The desire to improve and to grow is innate in many of us. As we kick-start the New Year, many of us would have had made resolutions (whether consciously or not) to self-improve, grow and change some aspects of our lives for the better, be it to exercise, eat better, study harder etc.
What about spiritual habits such as prayer and reading the Word? Do any of you find it challenging and not-so-natural to develop/build them into the routine of your life? You are not alone.
Developing (good) spiritual habits is no different from developing any other habit we have formed over the course of our lives – it requires time and work. A habit is an acquired behavioral pattern formed by repetition. We are all creatures of habits and are shaped by them. As such, every routine and repetition has a formative effect on our being and how we then develop as a person.
Now take that and apply it to Christian discipleship and you will find that spiritual habits, if cultivated properly can enhance and add a lot to our spiritual walk and experience of God, His living Word and presence in our lives.
As we embark on the New Year, here are some things we can turn our minds to and work on in the course of developing new (good) spiritual habits together.
The Lord’s Prayer invites us to a posture of openness before God as our Father. Before undertaking anything in the name of discipleship and being a “good” Christian, know firstly that your Heavenly Father calls you and accepts you as His by sheer love and acceptance and not your works (Galatians 2:15 -21). Find that orientation in your heart in response to this truth, and you will find a different motivation to develop and build good spiritual habits in your life.
We start each New Year with a resolve to better ourselves – there is an intuitive desire to be “better”, to improve, to change and to achieve our goals. It’s as though somewhere in every person is a deep conscience that directs that they should be living a “certain” way. How often do we beat ourselves up and feel like we can do better and that we should be better. But how much of it is driven by a different motivation, whether it is fear, the world around us or just us and our self-centred desires?
The gospel, however, compels us without guilt or shame. Instead, it gives us a new motivation by renewing us from the inside out, such that we desire change, growth and maturity. Not simply for ourselves, but for the good works that God invites us to partake with Him for the sake of others and this world we live in.
How can we be a solution for the sake of others and this world? We are currently undergoing a 12-day churchwide fast and prayer to seek God on this. Join us in the journey with this 12-day devotional.
3. Small, incremental change and repetition
Points 1 and 2 do require time and deep reflection for God and the Spirit to work in us. But there is nothing more beautiful and fulfilling than a deeply Christ-changed life consistent with our outward set of actions and virtue.
So if we are able to position our hearts accordingly and are willing for God to sift through our motivations, what practical steps can be taken to then build good spiritual habits in our day-to-day lives?
One of the best advices I have heard is “just start doing something”. While seemingly elementary, this is fundamental because we often easily complicate things and neglect the necessary building blocks to help us move forward effectively.
Set realistic and achievable goals.

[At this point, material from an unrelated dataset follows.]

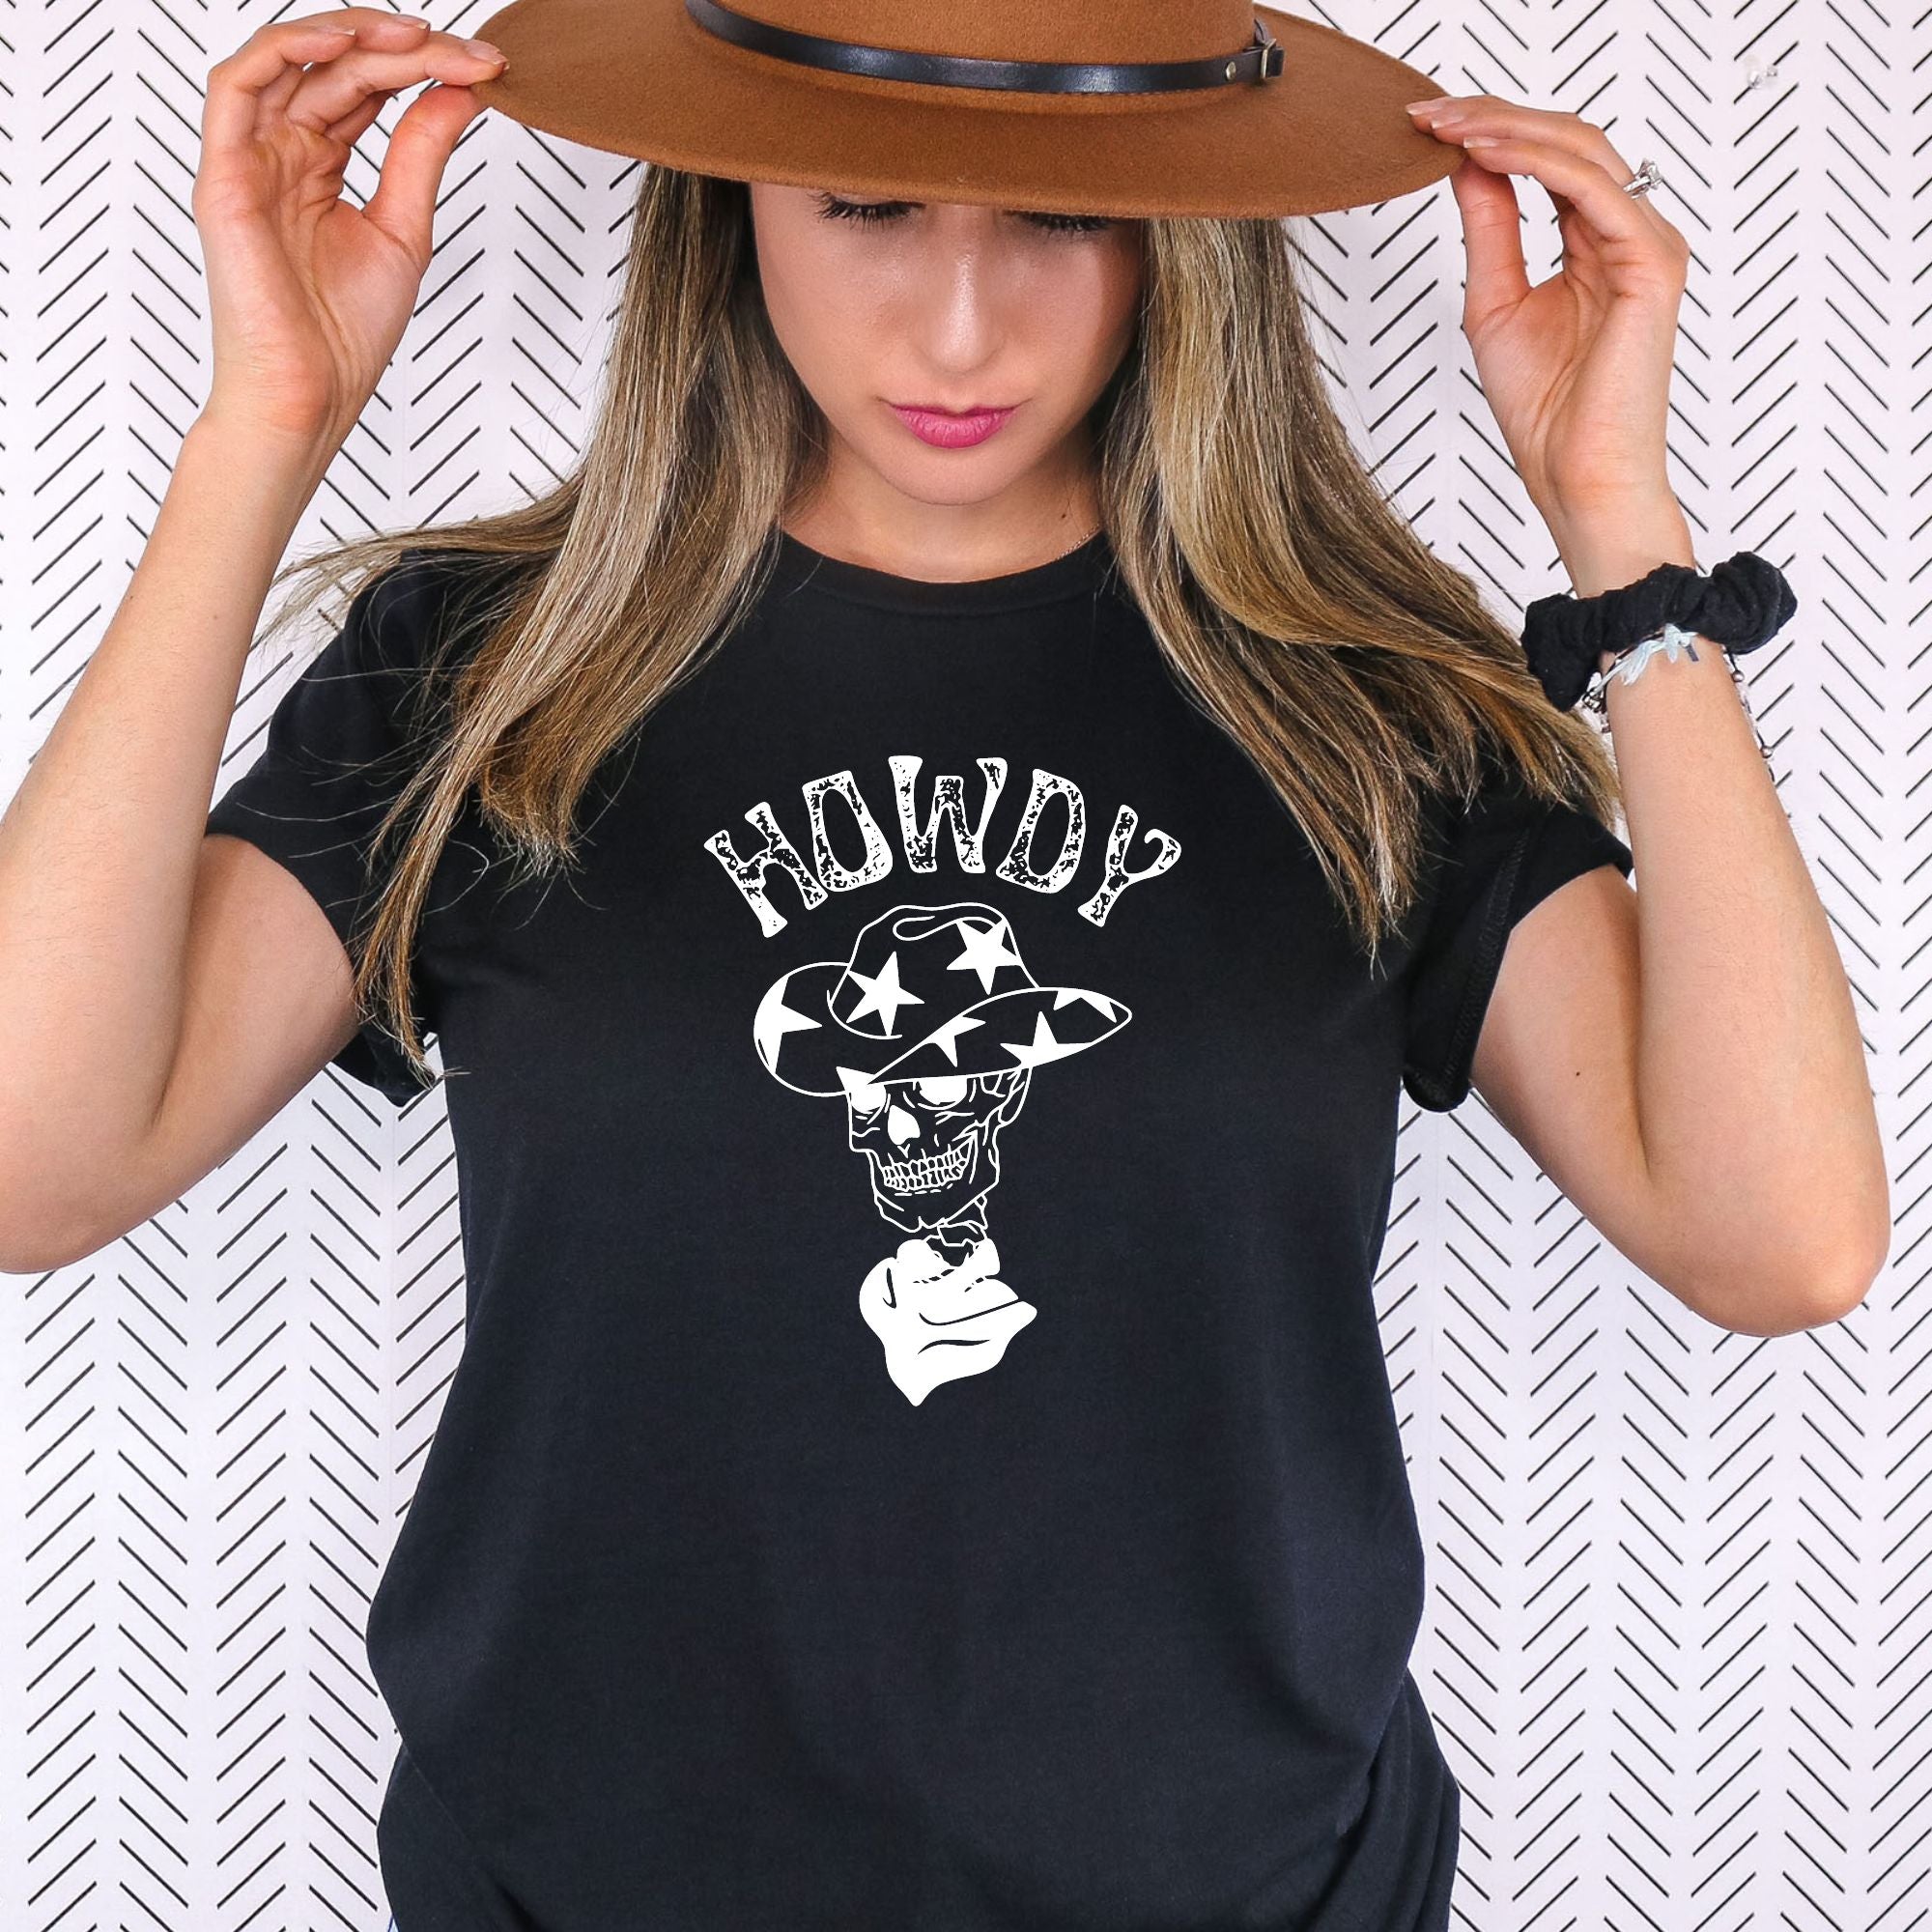 Howdy Western Skeleton TShirt for Women *UNISEX FIT*-208 Tees Wholesale, Idaho

There is nothing worst than constantly feeling subpar for failing to hit the mark because we have set such high, lofty goals that are unrealistic. Have an honest assessment of yourself, your priorities and schedule.
Make tangible and attainable goals that you can genuinely commit to and do not underestimate the impact of the sense of pride and accomplishment that comes from being able to stick to and complete something.
For example, before starting your busy day, you may consider sparing 15-30 minutes to read a passage from your Bible daily while having breakfast, because that is the most optimum time frame for you in a given day.
Once you have some “wins” under your belt, keep at it and repeat and eventually, you will hopefully find the practice a natural part of your daily life.
4. Find someone to do it with.
As alluded above, there are no short cuts and developing good spiritual habits require time, work and a healthy dose of accountability. However, it need not be burdensome and tedious and hopefully each of us, by His Spirit and grace will find the deep joy and motivation to build these spiritual habits into our lives.
Finally, in order to help us, there is no greater blessing than to have a community around us that can hold us accountable and help us develop these spiritual habits together, be it in prayer or opening up the Word together.